Gallery Elysium represents the heritage of one of the most interesting artists of the second half of the 20th century Vladimir Vasilievich Sterligov (1904 — 1973). Sterligov is a significant artist, whose works were underestimated for a long time. This exhibition is the first personal exhibition of the artist inMoscow. Sterligov’s works of late 1940s — early 1970s are exposed at the exhibition. The illustrated research catalogue was published within the exhibition; it contains 204 works of the artist, including 100 works, which were published for the first time.
Works by Vladimir Sterligov are close to philosophy and poetry of the Association of Real Art (OBERIU), to concepts of forms in plastic art by K. S. Malevich and M. V. Matyushin.
Sterligov’s plastic art depicted paradoxical, illogical world; it was connected with the alogism manifesto of Malevich in his painting Cow and violin (1913) and to the illogical poetry of Sterligov’s congenial friend, OBERIU poet A. I. Vvedensky.

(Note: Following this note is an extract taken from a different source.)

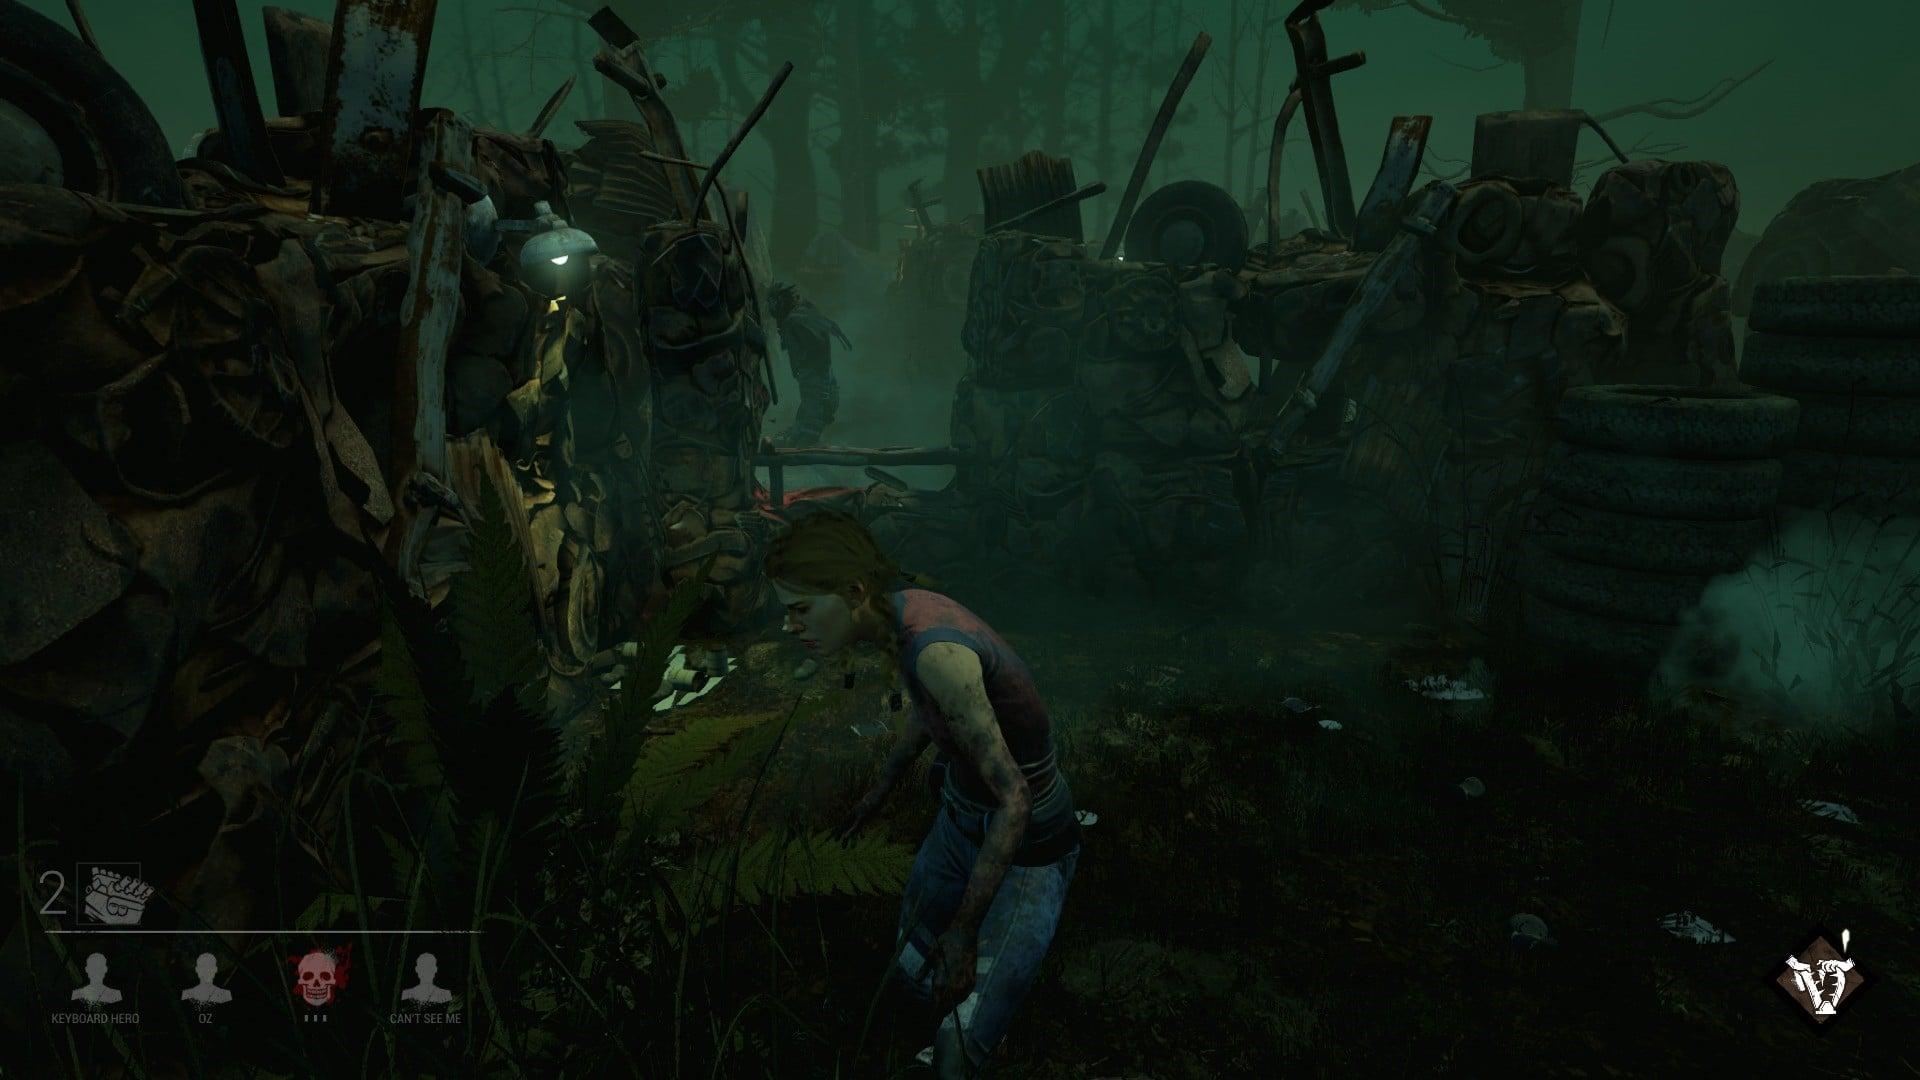 黎明死線 Dead by Daylight 倖存者逃跑技巧及屠夫應對方法 倖存者怎麼贏

Poets of OBERIU realized that the human mind does not understand the world, which a man lives in. Probably the world is not organized in a way we suppose. There is a world as well as antiworld. According to Sterligov, a man always contacts with this antiworld and finds methods of expression in art. He supposed that we lived in antiworld and took it for real world. Perhaps, the absurdity of other world is a real harmony.
There are many worlds, which coexist with each other and form special space in works by Sterligov. These worlds have characteristic common features: Absence of top and bottom — their reversibility, Absence of weight, Coexisting of the farthest and the nearest, Reflectivity of the world, Unscrewed space (volumes and forms are composed according to the principle of the Möbius strip), Staggered space (world in movement) and Surrounding geometry (object and background organize special space, so called hidden geometry).
Sterligov followed the principles of the Association of Real Art (OBERIU). At the same time he was a pupil of Malevich and Matyushin (the founder of organic style in painting). Sterligov created his own recognizable plastic art system, developing the ideas of classical Russian avant-garde. Malevich created suprematist straight line in order to reorganize cubism structures into abstract geometrical elements. Sterligov discovered the other cubism component — curve line. According to Sterligov, the curve line formed the Dome and the Cup. He considered them as a main component of the universe. He thought that all forms in the world tend curvely to the Dome and to the Cup.
Sterligov was engaged in study of form and color in his figurative and non-figurative works of 1960s–1970s. Art of Sterligov is inseparable from his inner world and his Christian faith. According to Sterligov, the curve line is not only pictorial element, but also moral and religious value. He considered the world as a system of the Dome and the Cup.
Vladimir Sterligov went through prison camps, the front, the Siege of Leningrad; but he stayed an artist of culture of 1920s.
On the occasion of artist’s exhibition, the gallery Elysium published the illustrated album monograph Vladimir Sterligov. Painting. Graphics. 1960–1973, dedicated to the artist’s life and art.